Once relatos, once historias que
si bien es cierto van por su cuenta cada una, usted puede leerlas como si
fueran un todo, esa es parte de la estrategia literaria que envuelve Mis documentos de Alejandro Zambra.
Comparando esta última lectura que hiciera con respecto a sus libros
anteriores, ahora el asunto no es tanto lo concreto de lo narrado, la concisión
que el autor demostró para contar y contarse, pues es el mismo Zambra quien va
línea tras línea dejándose ver como protagonista algunas veces o como el
clásico narrador distante que todo lo sabe, no; el asunto que veo con mayor
claridad en Mis documentos es una
prosa que se expande gracias y a través de lo cotidiano, lo trivial (que no lo “simple”)
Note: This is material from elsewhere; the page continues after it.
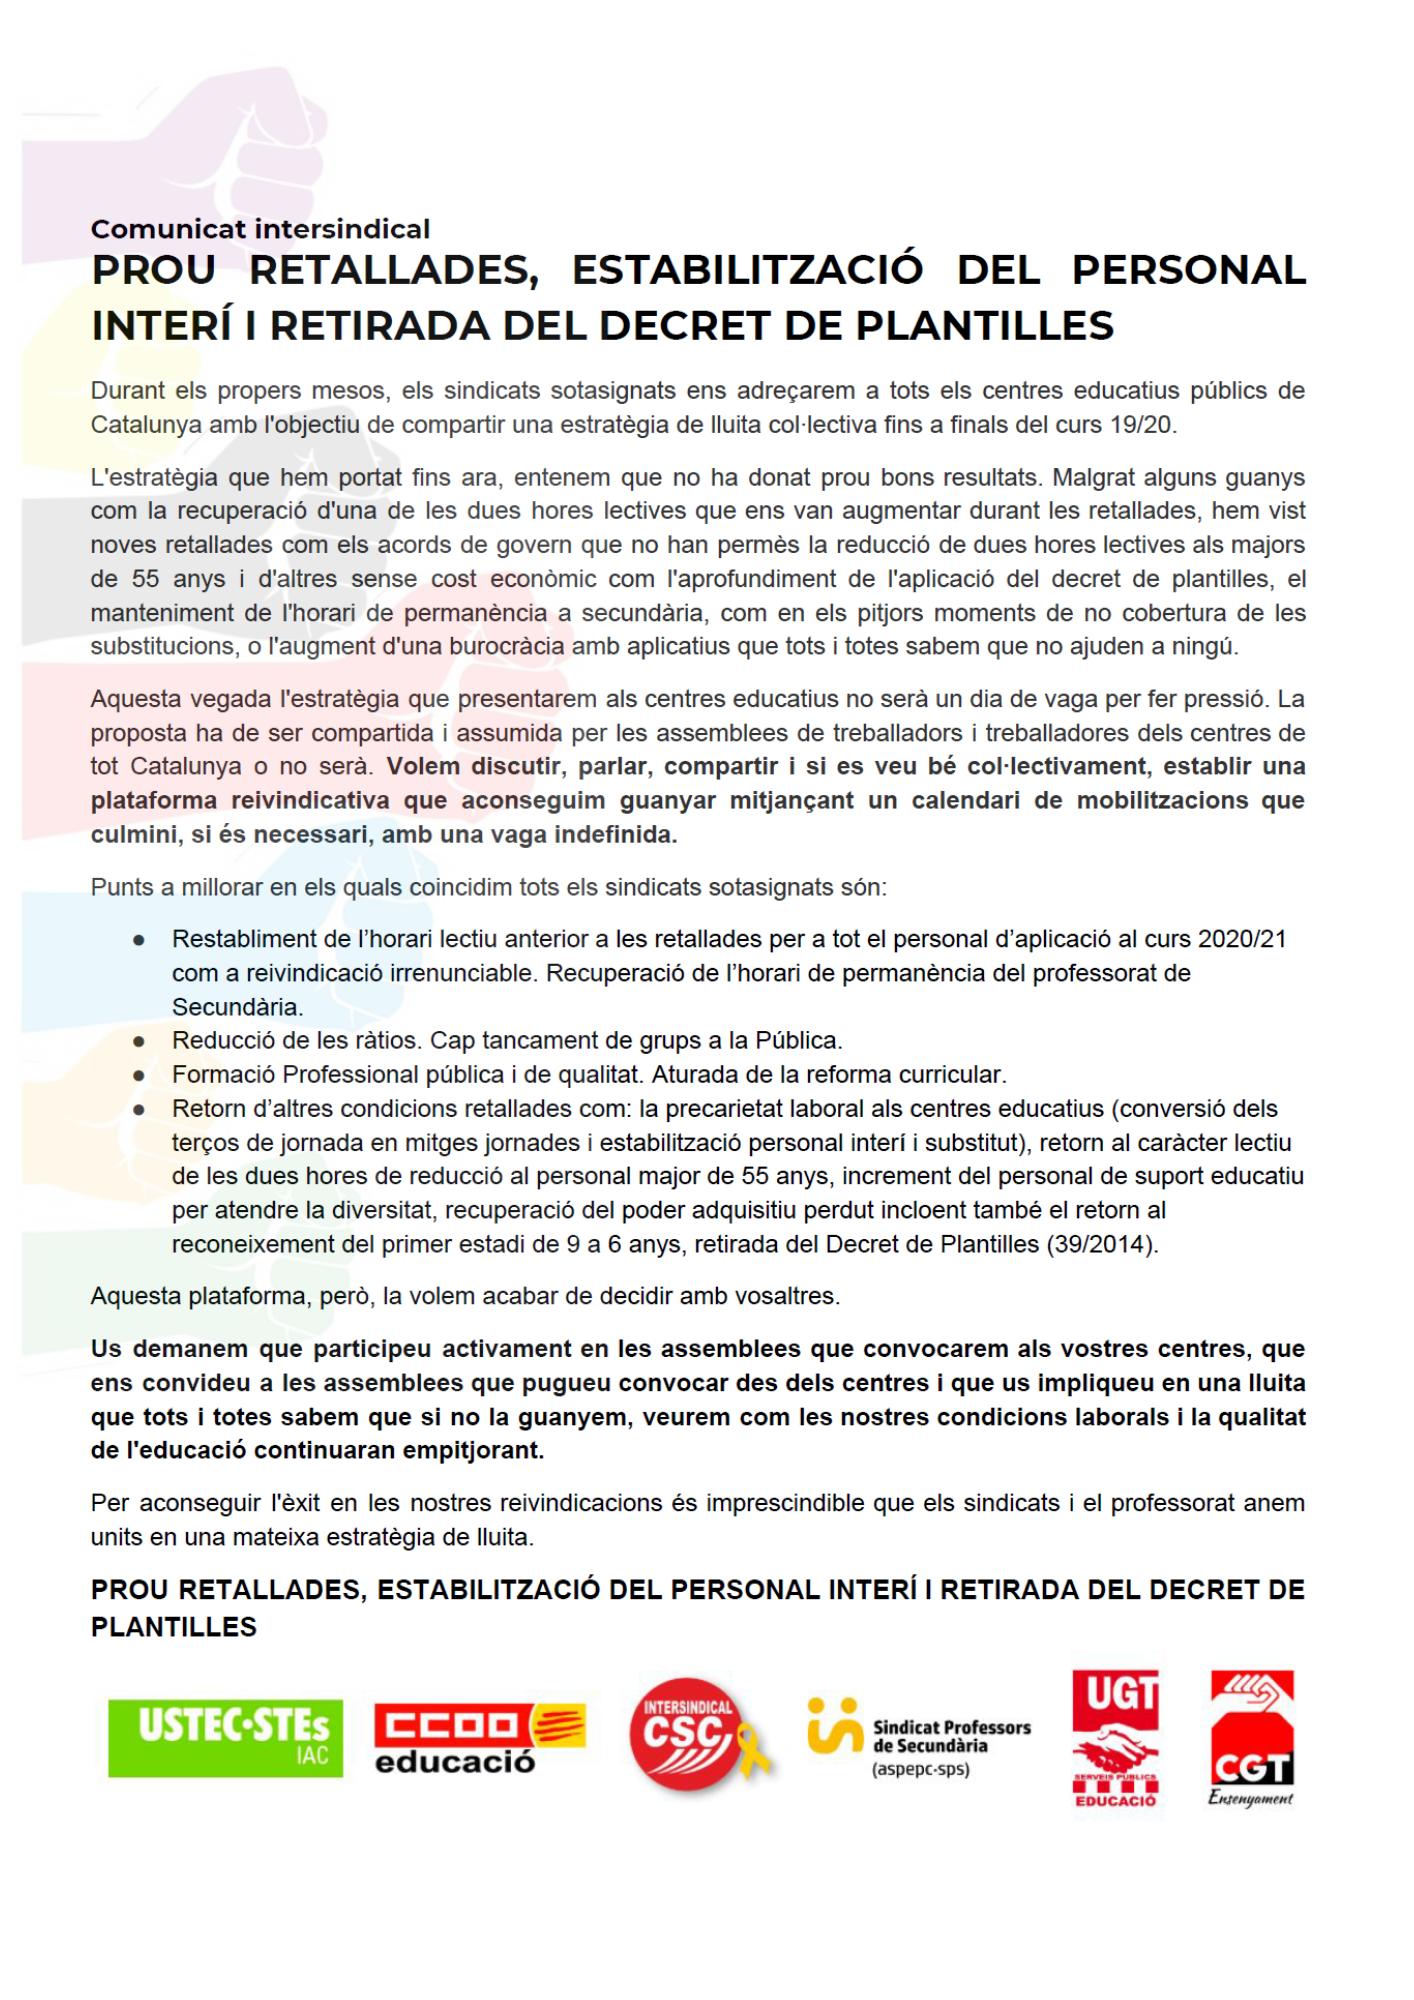 comunicat_intersindical.png

y es precisamente esto lo que le da un gran valor a la obra. Me extiendo un
poco: el hecho de tomar cualquier detalle para armar sus historias es lo que en
definitiva lo convierte en un buen narrador. Al fin de cuentas, ¿qué es la
literatura? Pues eso, contar lo que pudiera ser chato y básico en el día a día
y transformarlo, modificarlo, y hacerlo atractivo para el lector; que lo narrado
no decaiga y te mantenga pegado a sus páginas.
En el relato homónimo al título
del libro, el que abre este encuentro con el autor, parte de una supuesta
intimidad como puede ser leer esa carpeta virtual en donde están los documentos
más destacados o importantes para el usuario, y en este caso, para el propio
escritor, pues aquí parece destacar lo autobiográfico. Imposible no tomar la
siguiente frase, tal vez la más citada de este primer relato: “quizás pueda
decirlo de esta manera: mi padre era un computador y mi madre una máquina de
escribir. Yo era un cuaderno vacío y ahora soy un libro”.
En “Camilo”, el siguiente relato,
Jesús (sí, el hijo de Dios) se hace “unas pajitas pensando en María Magdalena”.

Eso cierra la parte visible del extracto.